_Task requirements_: If a line includes the word "Hair", it belongs in the count; state the total for the data below and add nothing.

(Collected data entries)
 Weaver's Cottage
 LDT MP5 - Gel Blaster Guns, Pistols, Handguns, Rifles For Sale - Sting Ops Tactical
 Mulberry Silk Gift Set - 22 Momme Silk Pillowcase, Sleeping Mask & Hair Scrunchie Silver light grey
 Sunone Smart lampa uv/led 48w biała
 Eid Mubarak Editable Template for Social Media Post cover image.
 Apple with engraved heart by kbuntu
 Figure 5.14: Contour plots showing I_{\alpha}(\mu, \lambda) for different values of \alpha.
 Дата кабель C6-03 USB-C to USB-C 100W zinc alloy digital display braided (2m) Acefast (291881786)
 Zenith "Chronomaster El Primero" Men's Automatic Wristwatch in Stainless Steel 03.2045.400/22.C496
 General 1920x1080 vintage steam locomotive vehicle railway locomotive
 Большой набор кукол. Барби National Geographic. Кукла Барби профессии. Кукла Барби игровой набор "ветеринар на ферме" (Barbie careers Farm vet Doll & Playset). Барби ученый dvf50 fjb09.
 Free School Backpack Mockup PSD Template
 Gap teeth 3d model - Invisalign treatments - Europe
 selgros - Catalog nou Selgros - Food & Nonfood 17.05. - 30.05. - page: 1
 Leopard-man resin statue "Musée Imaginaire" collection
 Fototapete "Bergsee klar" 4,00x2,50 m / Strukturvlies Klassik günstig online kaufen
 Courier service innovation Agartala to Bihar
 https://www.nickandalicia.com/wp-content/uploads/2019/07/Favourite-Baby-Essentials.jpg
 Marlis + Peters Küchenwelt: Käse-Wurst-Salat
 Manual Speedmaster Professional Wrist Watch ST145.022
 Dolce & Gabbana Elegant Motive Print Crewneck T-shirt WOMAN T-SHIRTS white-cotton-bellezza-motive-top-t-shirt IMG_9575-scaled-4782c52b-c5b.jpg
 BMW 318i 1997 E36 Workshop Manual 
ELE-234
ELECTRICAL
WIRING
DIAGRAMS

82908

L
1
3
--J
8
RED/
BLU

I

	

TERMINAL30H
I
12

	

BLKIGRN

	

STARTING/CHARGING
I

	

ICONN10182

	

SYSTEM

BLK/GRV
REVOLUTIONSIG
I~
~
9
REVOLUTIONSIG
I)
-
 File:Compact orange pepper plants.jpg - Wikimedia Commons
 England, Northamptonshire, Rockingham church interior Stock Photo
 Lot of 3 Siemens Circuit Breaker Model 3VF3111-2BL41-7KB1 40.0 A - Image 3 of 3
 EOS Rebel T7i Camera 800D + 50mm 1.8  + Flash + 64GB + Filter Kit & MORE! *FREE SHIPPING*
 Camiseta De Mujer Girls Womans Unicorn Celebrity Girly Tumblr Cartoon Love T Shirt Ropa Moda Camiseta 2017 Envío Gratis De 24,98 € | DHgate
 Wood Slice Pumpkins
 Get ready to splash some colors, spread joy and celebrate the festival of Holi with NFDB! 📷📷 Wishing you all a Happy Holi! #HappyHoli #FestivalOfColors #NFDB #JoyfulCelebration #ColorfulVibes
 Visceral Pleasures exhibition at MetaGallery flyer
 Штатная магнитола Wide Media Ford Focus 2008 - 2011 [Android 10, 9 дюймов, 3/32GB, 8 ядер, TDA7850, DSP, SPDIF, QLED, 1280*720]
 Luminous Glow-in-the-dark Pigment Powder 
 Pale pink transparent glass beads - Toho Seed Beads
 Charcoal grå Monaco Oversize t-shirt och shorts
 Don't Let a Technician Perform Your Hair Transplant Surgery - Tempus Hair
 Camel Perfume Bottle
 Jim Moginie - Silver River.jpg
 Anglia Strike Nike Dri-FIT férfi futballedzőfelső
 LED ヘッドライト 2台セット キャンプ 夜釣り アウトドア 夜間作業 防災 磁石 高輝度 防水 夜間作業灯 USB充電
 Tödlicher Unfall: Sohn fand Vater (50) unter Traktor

_Solution for this exercise_: 2